Secret d’alcôve

À la racine de mes frustrations se trouve bien souvent le même malentendu répété à l’infini : je lui offre ce que j’aime recevoir et non ce qu’elle désire! Inconsciemment je suppose que nous sommes fait pareils. En observant attentivement nos zones de frictions j’ai fini par découvrir qu’elle n’était pas pareille à moi mais ô combien complémentaire. Évidemment il y a sans doute de nombreuses exceptions, mais voici quelques observations qui sont vraies pour nous.

C’est par le sexe que je veux d’abord me connecter à elle. J’ai besoin de faire l’amour pour ouvrir mon cœur. C’est par le cœur qu’elle veut d’abord se relier à moi. Elle a besoin de sentir nos cœurs complices avant de m’ouvrir son corps. Avant l’amour j’aime qu’elle touche directement mon sexe avant d’aller ailleurs. Pour elle c’est précisément le contraire : d’abord tout le corps, de la périphérie vers sa poitrine, et beaucoup plus tard vers son sexe.

Quand je suis trop pressé d’entrer en elle, son corps se referme de lui-même. Il se protège. Lenteur et présence sont les clefs qui m’ouvrent les portes de son temple sacré. Quand elle est trop pressée d’entrer dans mon cœur, celui-ci se ferme. J’ai un grand besoin de sécurité pour dire les émotions qui s’y trouvent.

Quand je parle de mes problèmes c’est surtout pour avoir des pistes de solutions.
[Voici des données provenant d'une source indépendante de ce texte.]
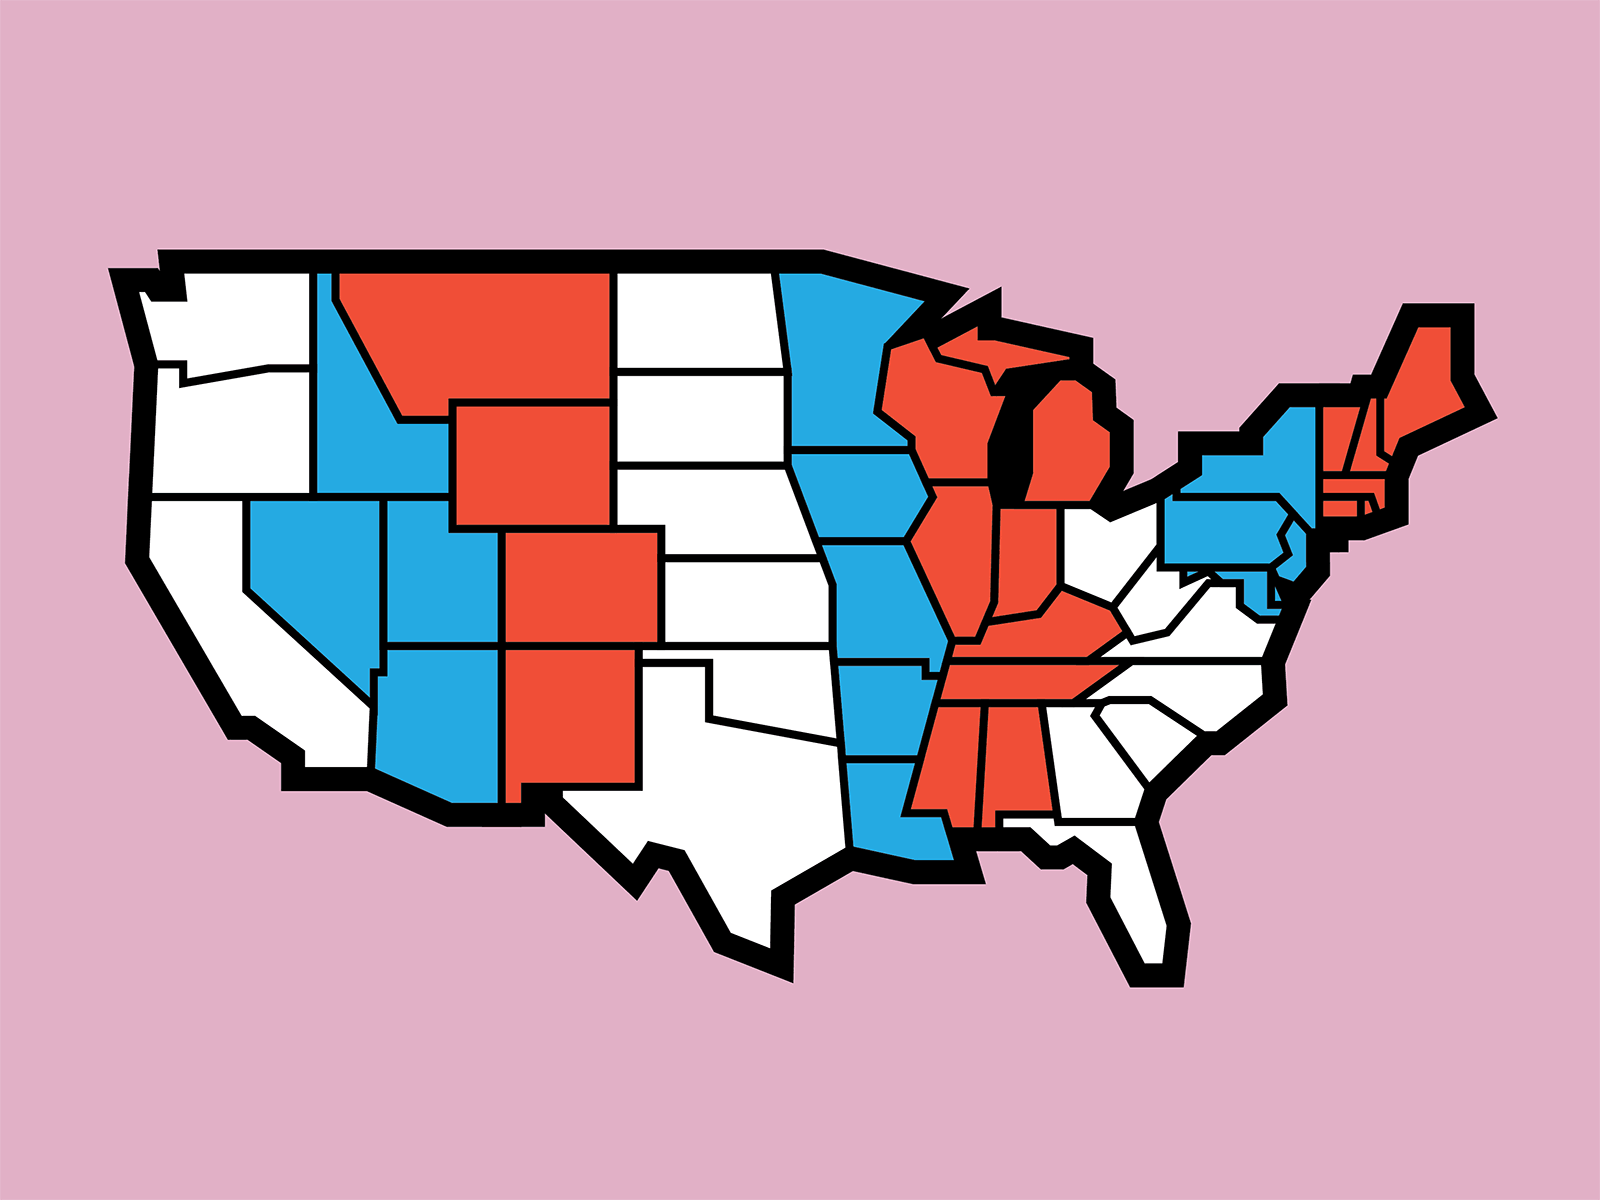 American Pop america animation blocky blue colors country geometric illustration map red states thick lines united states usa wave white

Quand elle me parle des siens c’est souvent pour être vue, entendue, et au besoin, trouver elle-même ses propres réponses. Dans le doute je lui demande parfois : « veux-tu de l’écoute ou des solutions? »

J’ai tant besoin de ce qu’elle m’offre et vice-versa! Si j’ai mis toutes ces années à le voir ce que je m’entêtais à ne regarder que mon propre côté de la médaille, celui qui faisait mal, celui qui avait l’impression de tout donner sans jamais recevoir. Et puis j’ai fini par comprendre à quel point nos frustrations se répondaient, à quel point nous avions ce même élan de connexion profonde, cet élan de vivre corps et cœurs entrelacés.